Germany Needs A Whopping 40,000 Government Workers To Deal With Migrant Influx

germany migrants

Germany needs at least 40,000 new public sector workers to cope with the huge influx of migrants, and may even have to force older civil servants out of retirement, think tanks and unions have claimed.

The Institute for Employment Research (IAB) estimates the country will need more than 20,000 teachers, 10,000 tutors, 3,000 police officers and 3,000 civil servants to help more than a million migrants integrate into German society.

However, despite the large number of new workers required, Germany will unlikely see an employment boom as all the jobs require a high level of training. “The higher the qualifications required, the more difficult it is to find a suitable candidate in a short space of time,” Enzo Weber of the IAB said.

Even if they do find enough staff, Weber adds, the authorities will still have to spend time and money incorporating and training thousands of new employees.

One solution could be to bring former civil servants out of retirement, which would be easier than training new ones, Michael Hüther, director of the Institute of the German Economy (IW), told Die Welt. This would be especially useful for processing the likely huge increase in asylum applications in the coming months.

Meanwhile, Klaus Dauderstädt, President of the German Civil Service Federation (DBB), outlined the scale of the problem.

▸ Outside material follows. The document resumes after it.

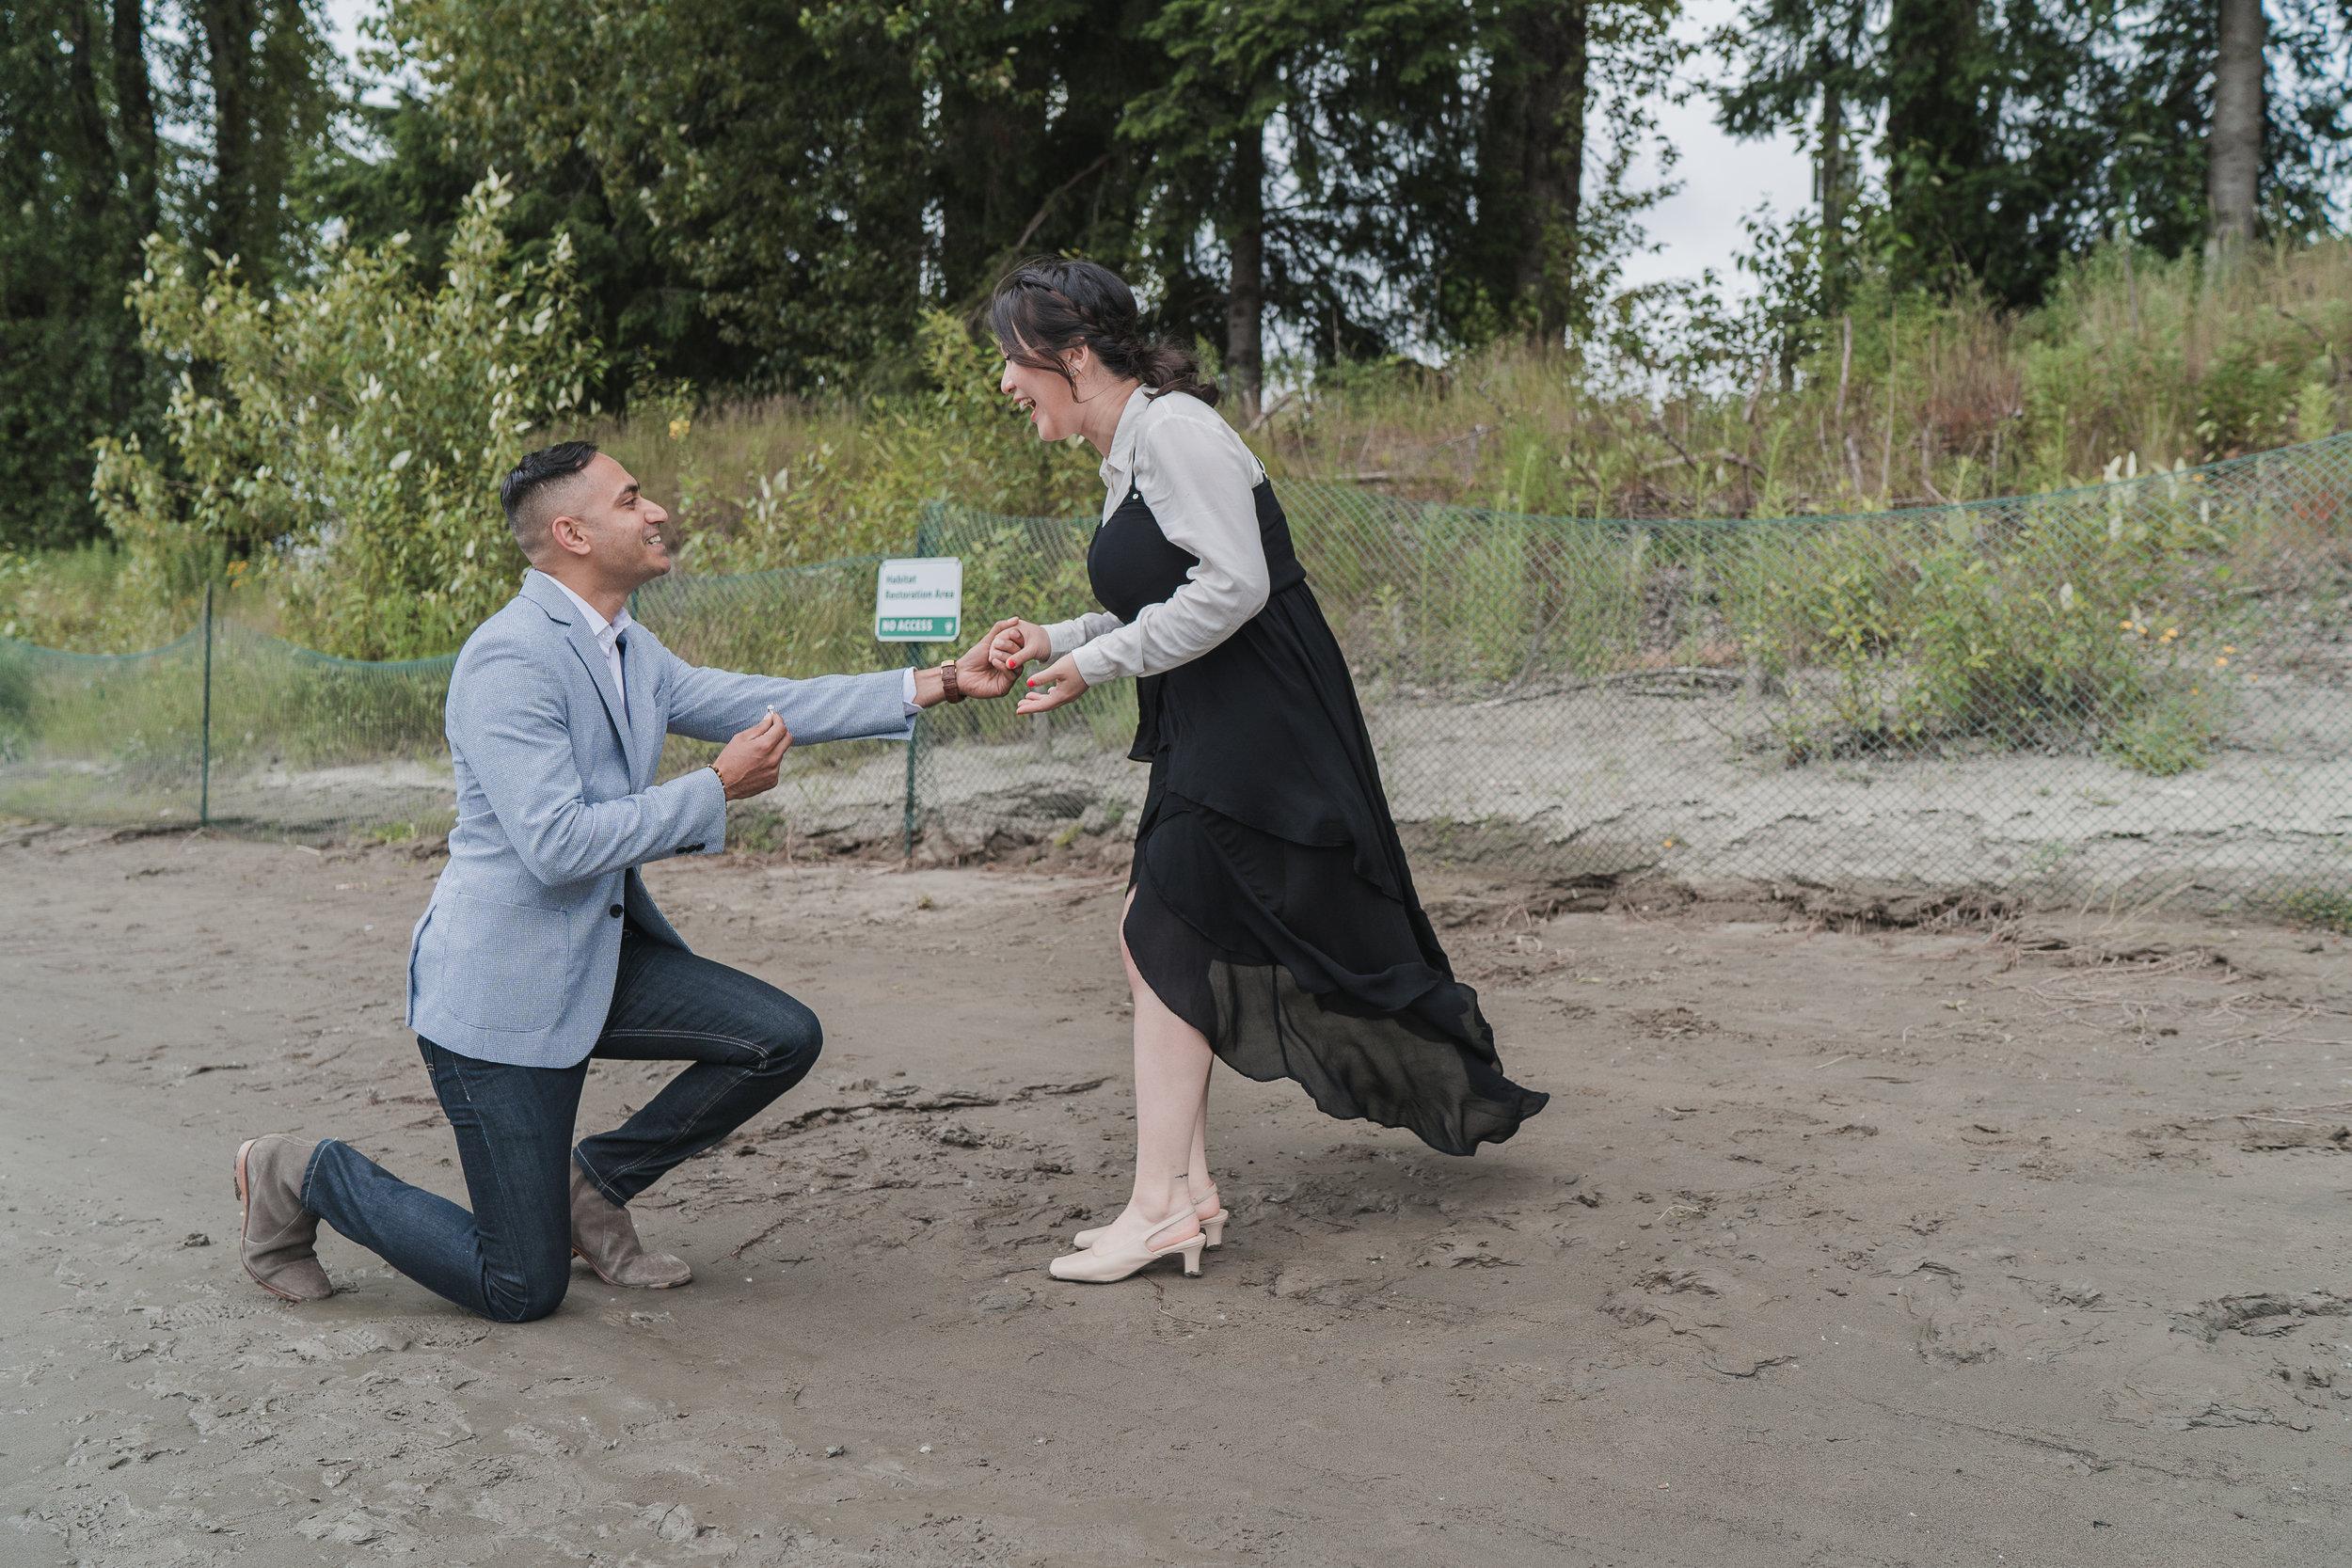 20190622 - Monika & Johnson Engagement- 0031.jpg

“The burden falls on basically all sectors of the civil service,” Mr Dauderstädt said, including federal and local police forces, local government, public health services, social workers and day care centres. The court system will also have to deal with an increased number of appeals from rejected asylum seekers.

Within the space of a month, Mr Dauderstädt has also doubled his estimation of the number of new teachers needed to 20,000.

“Everywhere, the effectiveness of our structures will be put to the test,” Mr Dauderstädt warns.

Earlier this month, another think tank warned that Germany will have to raise its retirement from 63 to 70 to cope with the influx. Hans-Werner Sinn, President of the Ifo Institute, said that with more people flocking to Germany “we’d better raise the retirement age to feed them”.

Germany should also abolish the minimum wage, he added, so that more businesses can afford to employ cheap migrant labour. He warned, however, that those who have already come may just be the beginning: “What the German Government has not considered is that those who have managed to come to Germany will have immediately used their mobile phones to send a message to their home countries, putting into motion a new flow of migrants.

“The more you receive, the more set in motion.”